会議が終わり、彼女はログアウトした。グラスを外すと、突如として部屋の照明が落ち、エアコンが止まった。
「また停電?」彼女はため息をついた。「最近増えてるわね」
アパートの部屋は狭く、彼女と葉月の二人の空間としては十分だったが、夏の熱気の逃げ場はなかった。前の週、夫へのメッセージで「エアコンなしの夏なんて、もう耐えられない」と愚痴ったことを思い出した。敏也の返信は、「大阪も同じだ」の一言だけだった。
彼女が窓を開けると、夏の蒸し暑い空気が室内に流れ込んでくる。東京の街は、点在する窓の明かりを除いて暗闇に包まれていた。遠くの空には雲が立ち込め、時折稲光が見える。2040年代の東京の夏は、昔のように蝉の声で満ちてはいない。

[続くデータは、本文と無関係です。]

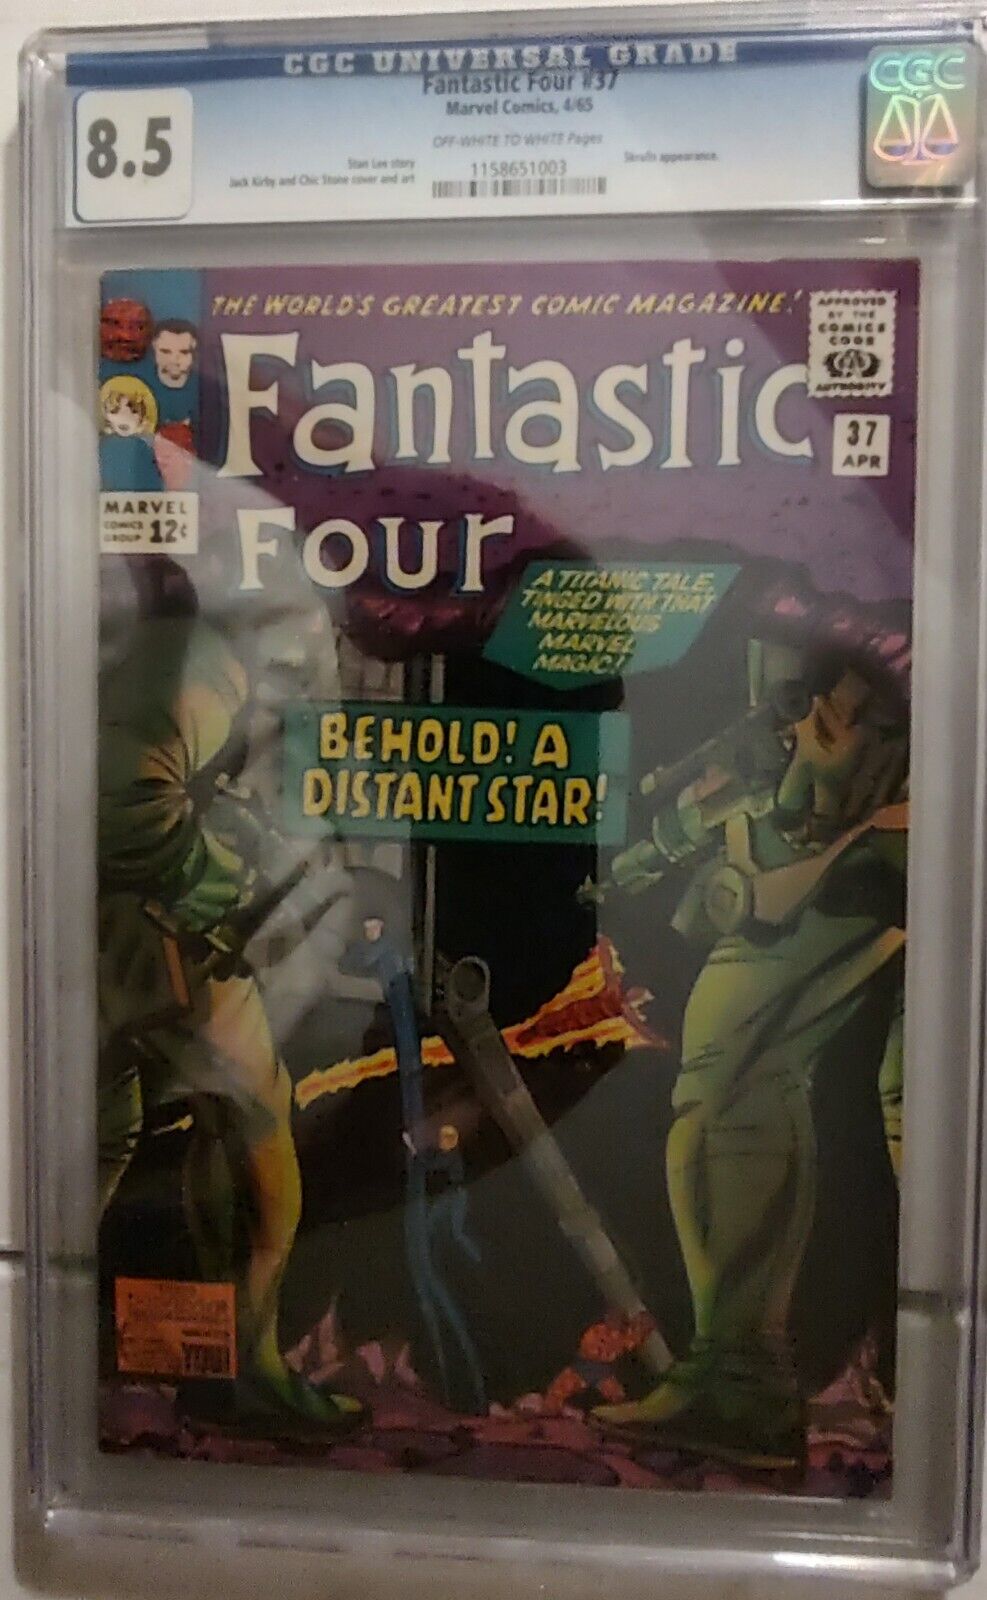 Fantastic Four #37 CGC 8.5 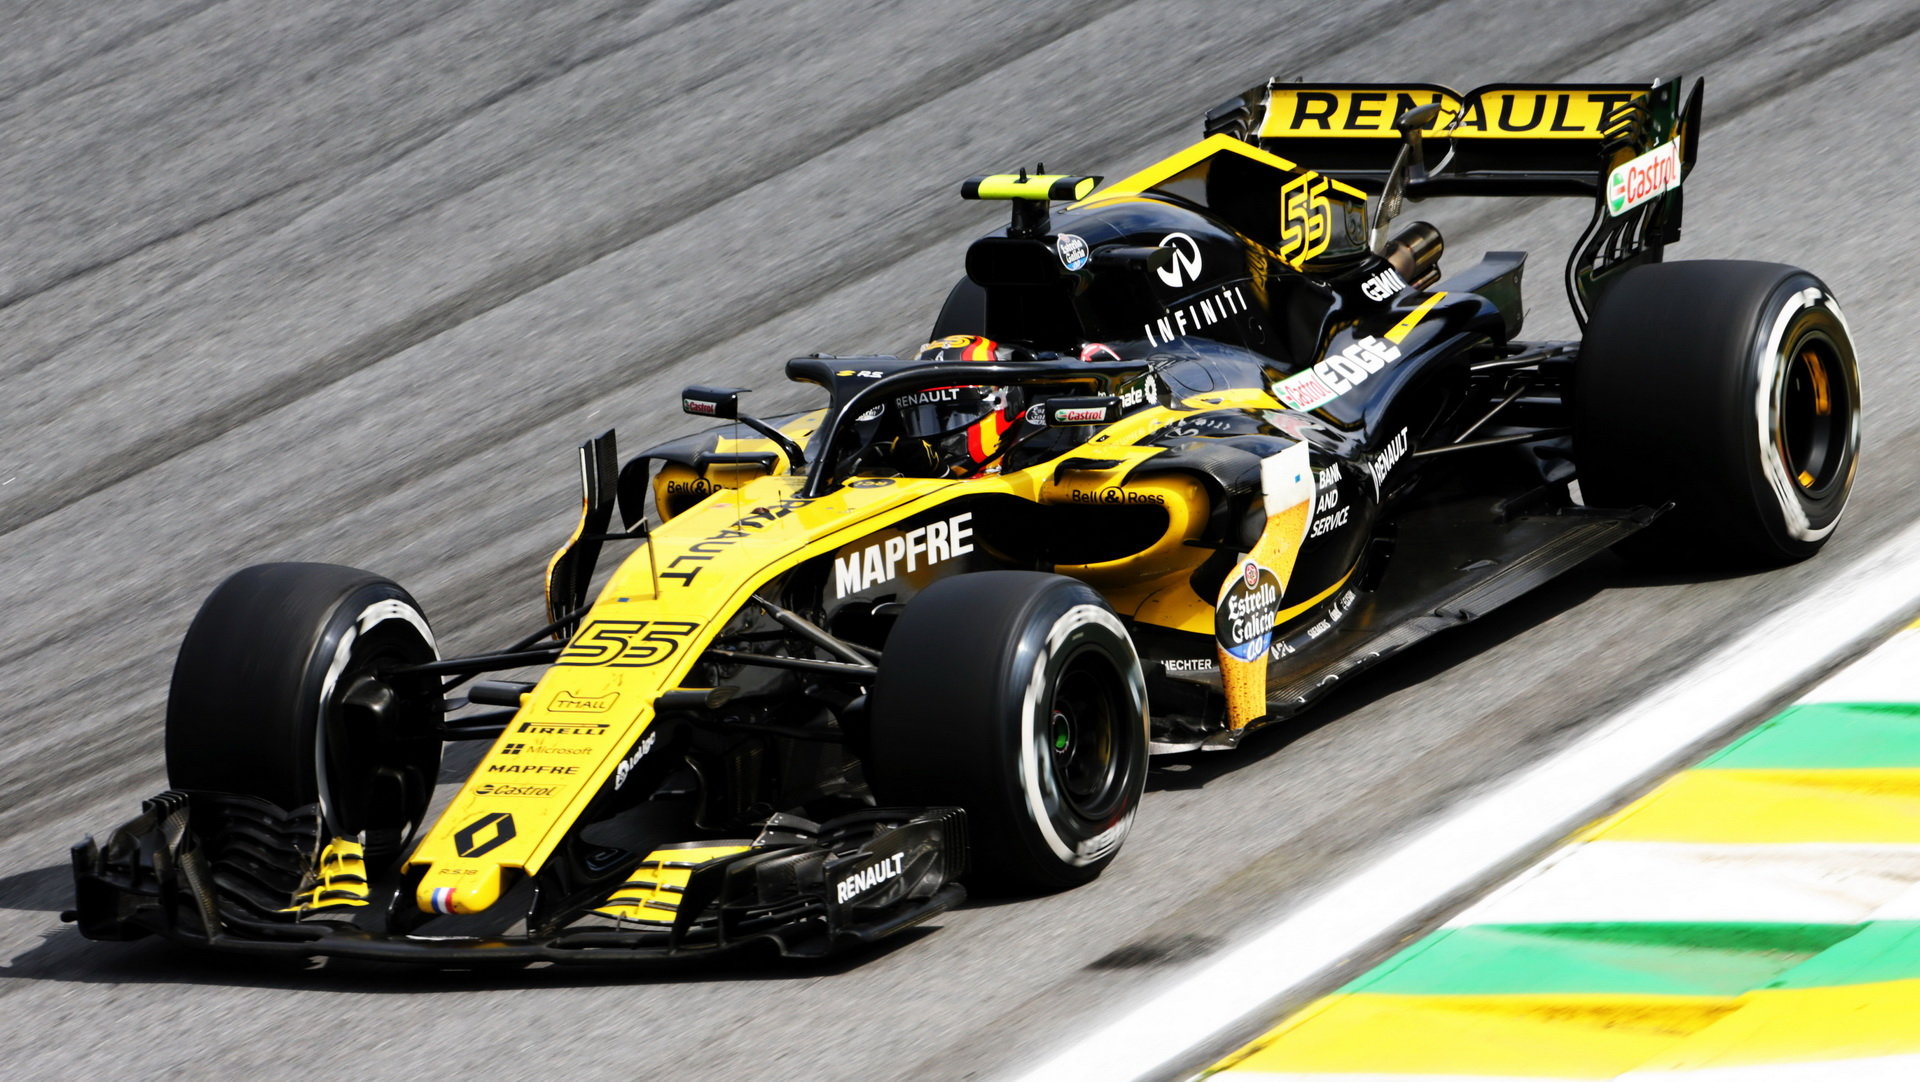 Carlos Sainz v závodě v Brazílii

彼女のスマホが鳴り、緊急電力需給システムからの通知が表示された。
【緊急警報:首都圏電力需給逼迫。データセンター優先給電のため、住宅地区への供給を一時制限します】
「お母さん、また停電?」隣室から娘の声がした。「宿題のAIチューターが途切れちゃった」
森島は、小さな懐中電灯を手に姿を現した娘を見た。葉月は12歳になっていた。光の中で、自分に似た輪郭を持つ娘の顔が浮かんでいる。
「少し我慢して」森島は答えた。「データセンターのために節電してるのよ」
彼女は公式のアナウンスを思い出した。「この一時的な不便は、より環境に優しい未来のためです」と。彼女自身、何度も会見でそう説明してきた。でも、葉月が生まれて以来、この「一時的な不便」は年々頻度を増し、今では週に2回は訪れる。
「でも、宿題終わらないよ」と葉月は眉をひそめた。僅かな光に照らされた彼女の顔は、夫に似た頑固さを見せていた。
「紙のノートに書きなさい」と森島は言ったが、葉月は首を横に振った。
「先生が、手書きは認められないって。AIの添削を通してないと、提出できないんだよ」
彼女は額に滲む汗を拭い、手動の扇子を取り出した。子ども時代、祖母に貰った唯一の「アナログ」な持ち物だ。窓から見える都市の向こう側では、巨大なデータセンター群は相変わらず煌々と照らされていた。膨大な計算資源を消費して、炭素排出量の削減策を考え出しているAIのために。
「申し訳ないけど、今日は諦めなさい」森島は疲れた声で言った。「明日、先生に事情を説明するわ」
夜空に目を向けると、満点の星が見える。街の明かりが消えたためだ。葉月は明かりのついたスマホで宿題の続きをしようとしていたが、バッテリーも乏しい。
「皮肉ね」と森島は小さく笑った。「デジタル化で環境を救うつもりが、結局はデジタルのために電気を奪われてる」
彼女のスマホが再び鳴り、エコルからのメッセージが表示された。
【環境省AIシステムにお知らせします。現在のAI処理は、2020年代の通常Webブラウジングの約380倍の電力を消費しています。カーボンフットプリント削減のため、不要な思考プロセスは控えるようお願いします】
そのメッセージを読み、森島は苦々しく笑った。彼女は今朝の会議で、大手電力会社の首脳に「より効率的なエネルギー利用」を求めたばかりだった。
「本当に環境に優しいのは、何も考えないことなのね」
彼女は扇子を揺らしながら、暗闇の中で再び星空を見上げた。手元にあるスマホのバッテリーも、残り数%になっていた。
「ねえ、お母さん」葉月が近寄ってきた。「おばあちゃんが言ってた、昔の話って本当?田んぼで蛍が見られたって」
森島は黙って頷いた。母の実家は茨城の農村だった。自分が葉月の年齢だった頃、夏休みには必ず訪れ、田んぼの畦道で蛍を追いかけ回したものだ。
「本当よ。今でも自然保護区に行けば見られるわ」
「でも行けないよね?移動の炭素枠、足りないもん」と葉月は諦めたように言った。
森島は突然、燃えるような衝動に駆られた。
「来月、連れて行ってあげる」彼女は決意を込めて言った。「私の裁量割当を使えば、国立環境保全地区への視察という名目で行けるわ」
葉月の目が輝いた。スマホの光が消えても、その輝きは失われなかった。
「本当に?約束する?」
「ええ」森島は頷いた。「時々、デジタルから離れることも大切よ」
スマホの画面が暗くなり、エコルの通知も消えた。完全な闇の中で、母と娘は窓際に立ち、稀に見る満天の星を見上げた。遠くの空で、新たな稲光が走った。
「あっ、流れ星!」葉月が指さした。
森島はそれが衛星の残骸かもしれないと思ったが、言葉にはしなかった。今この瞬間、二人で同じものを見ているということだけが、大切だった。